▶ [Given information]
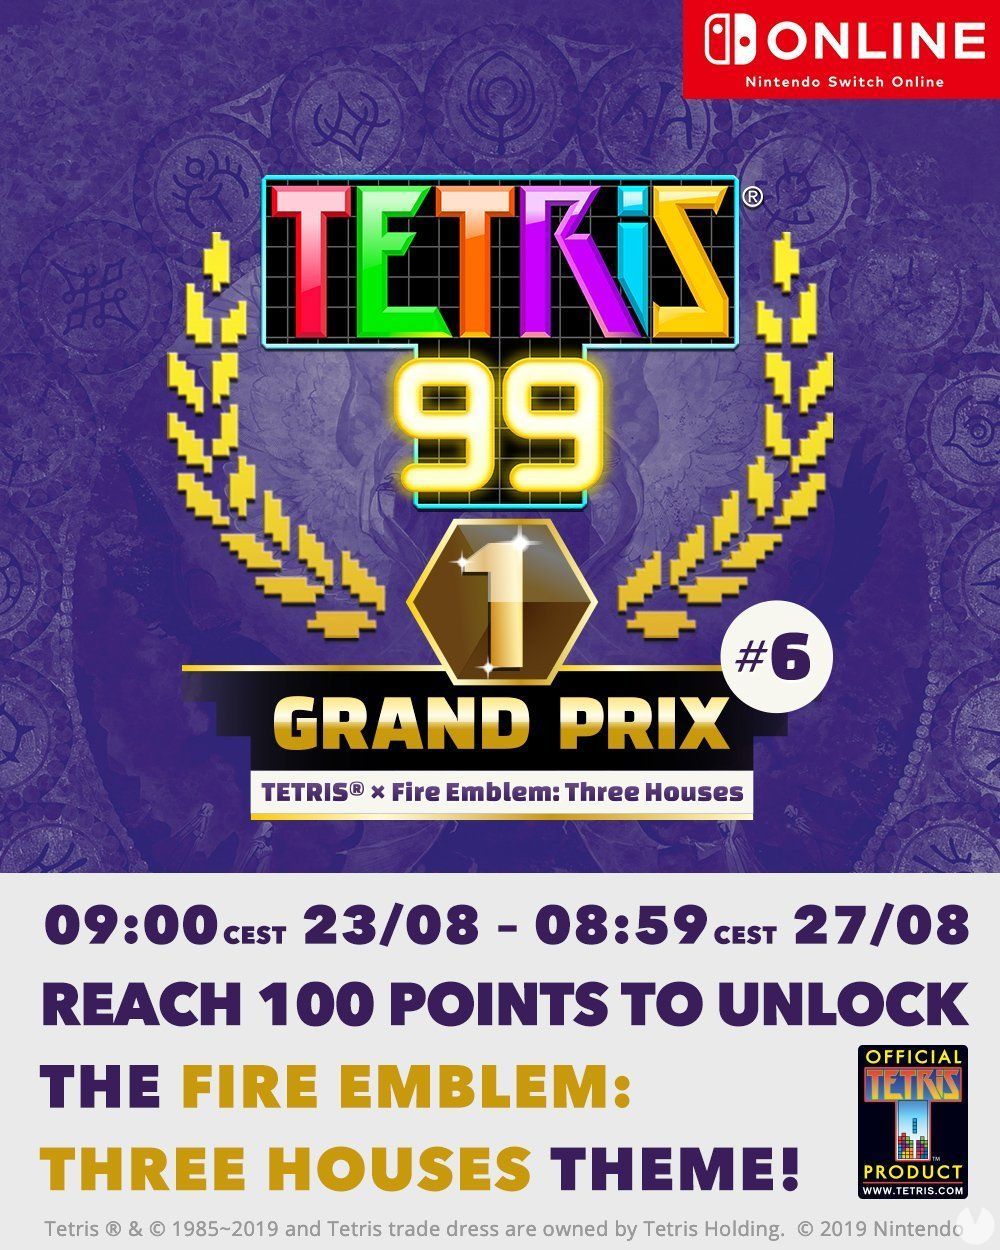 Tetris 99 will have a special event with Fire Emblem: Three Houses as the great protagonist
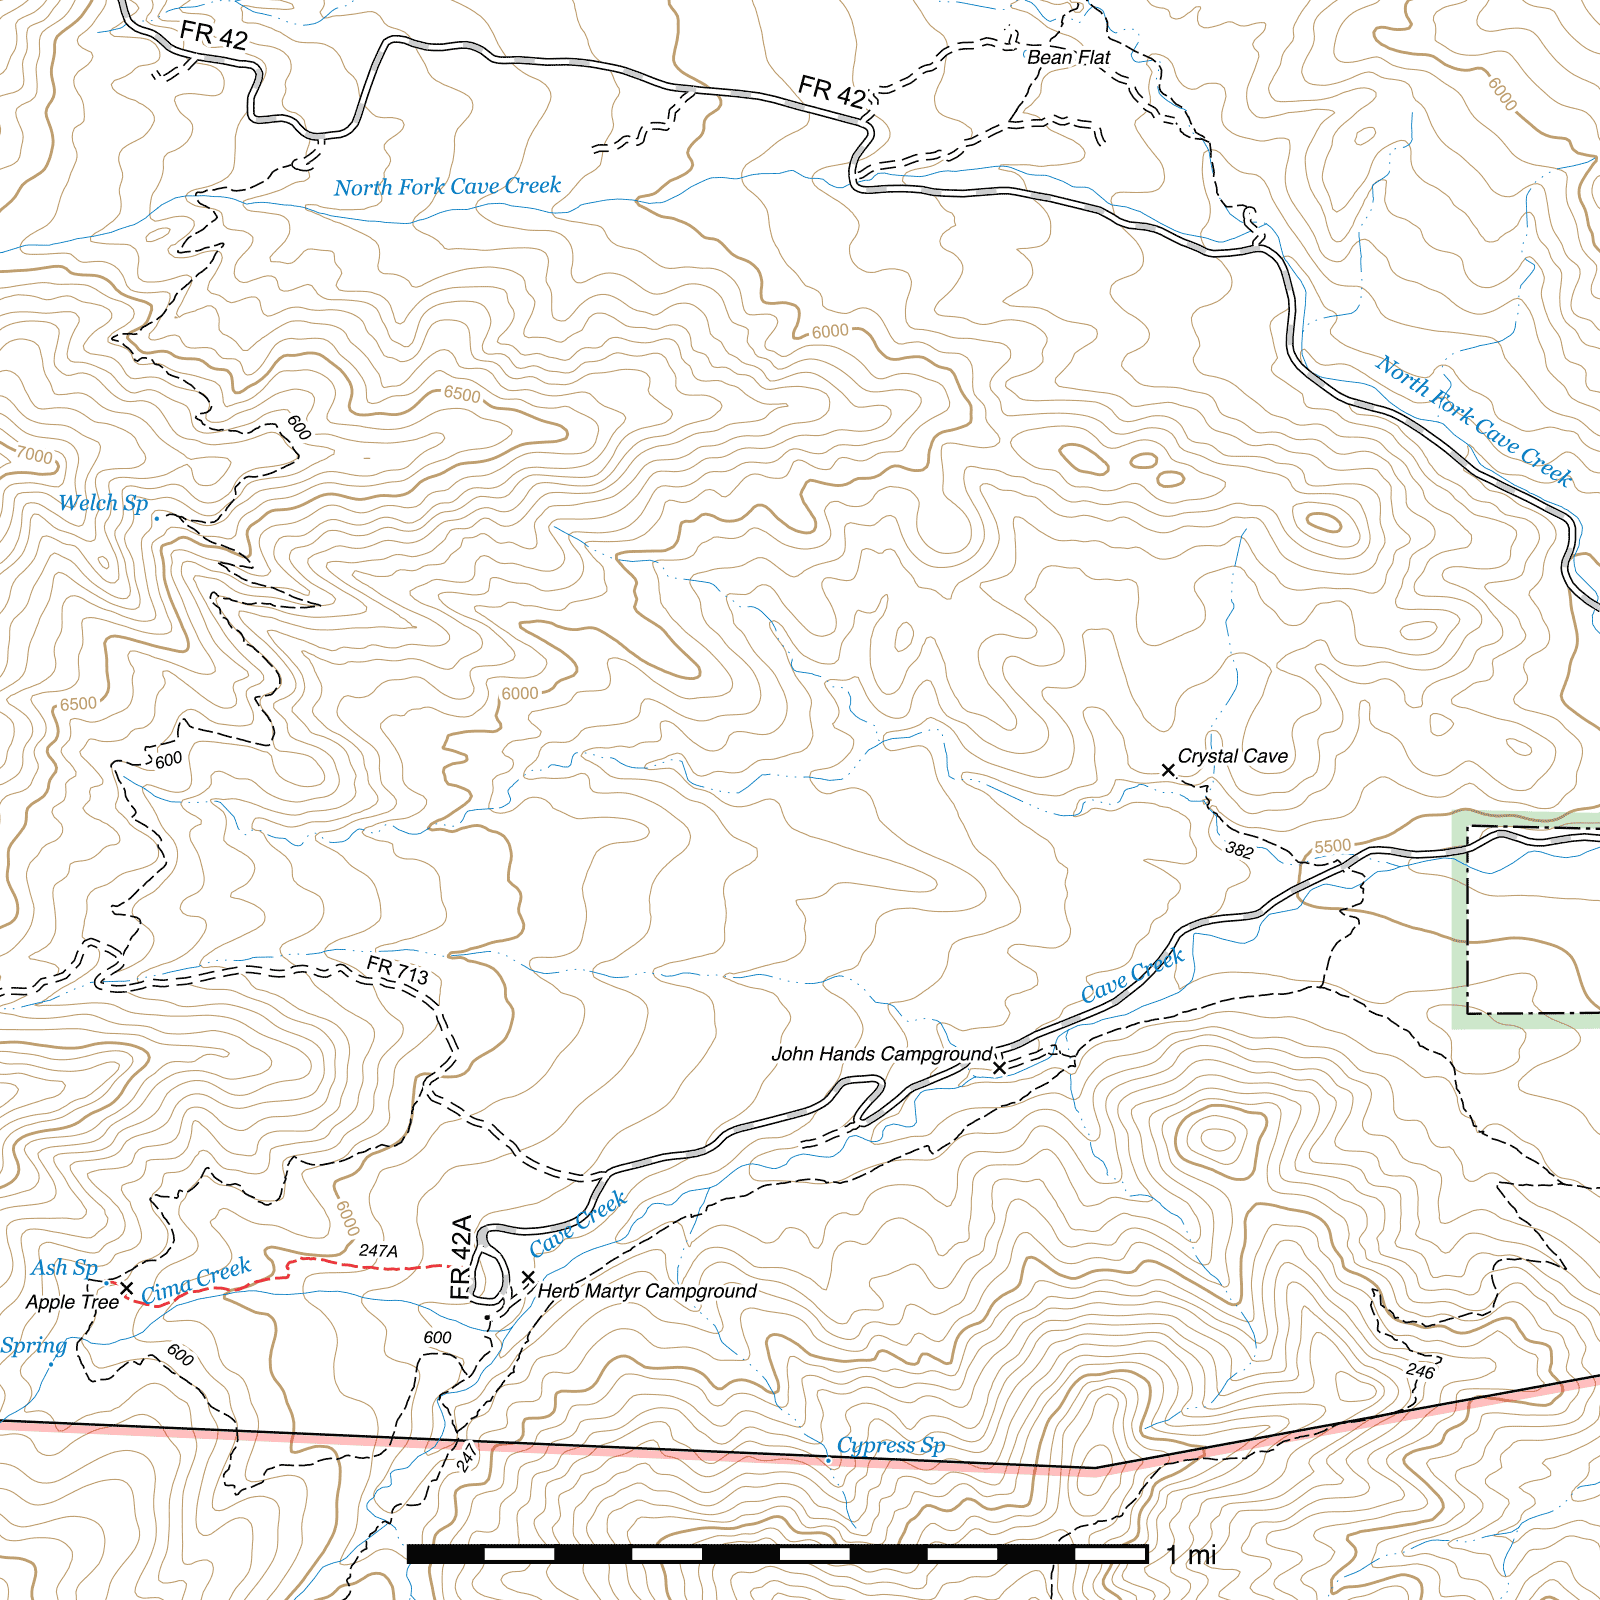 Topographic map of Ash Spring Trail #247A
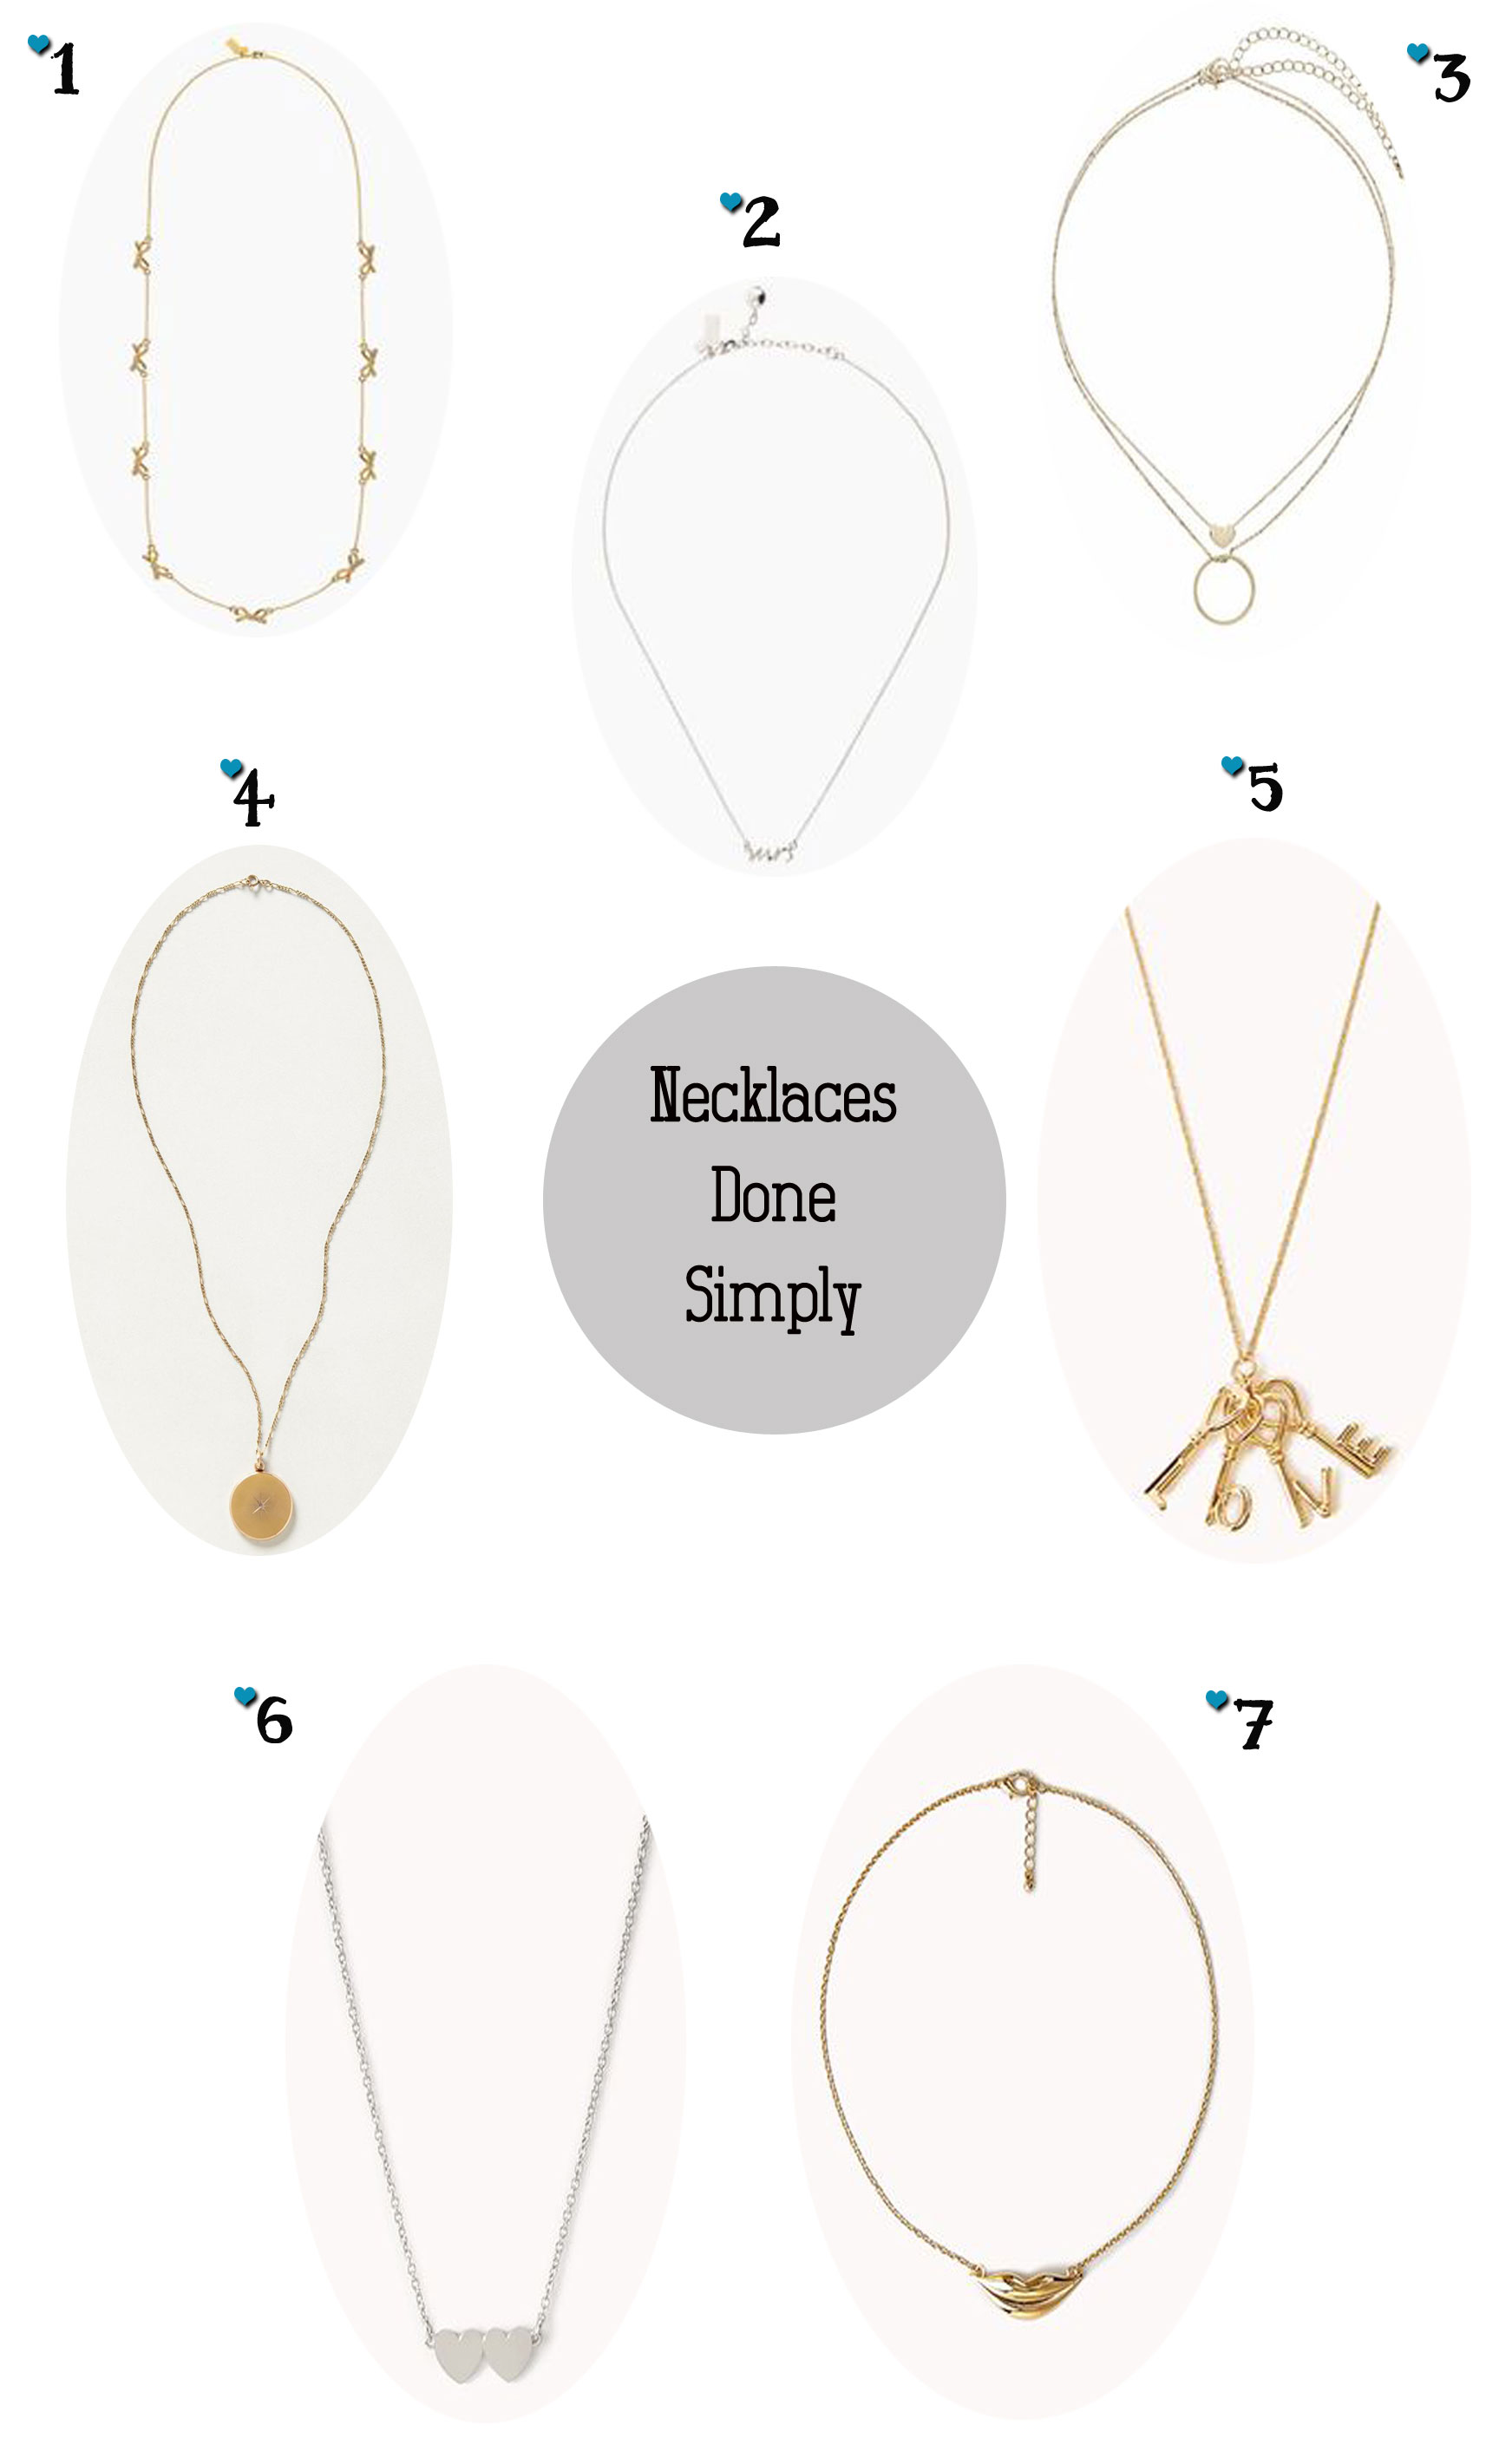 Necklaces with a Simple Statement - ShuGar Love

▶ [Work order] Leaving out the pictures, restate the listing above exactly.

▶ [Output for this exercise]
 Tetris 99 will have a special event with Fire Emblem: Three Houses as the great protagonist
 Topographic map of Ash Spring Trail #247A
 Necklaces with a Simple Statement - ShuGar Love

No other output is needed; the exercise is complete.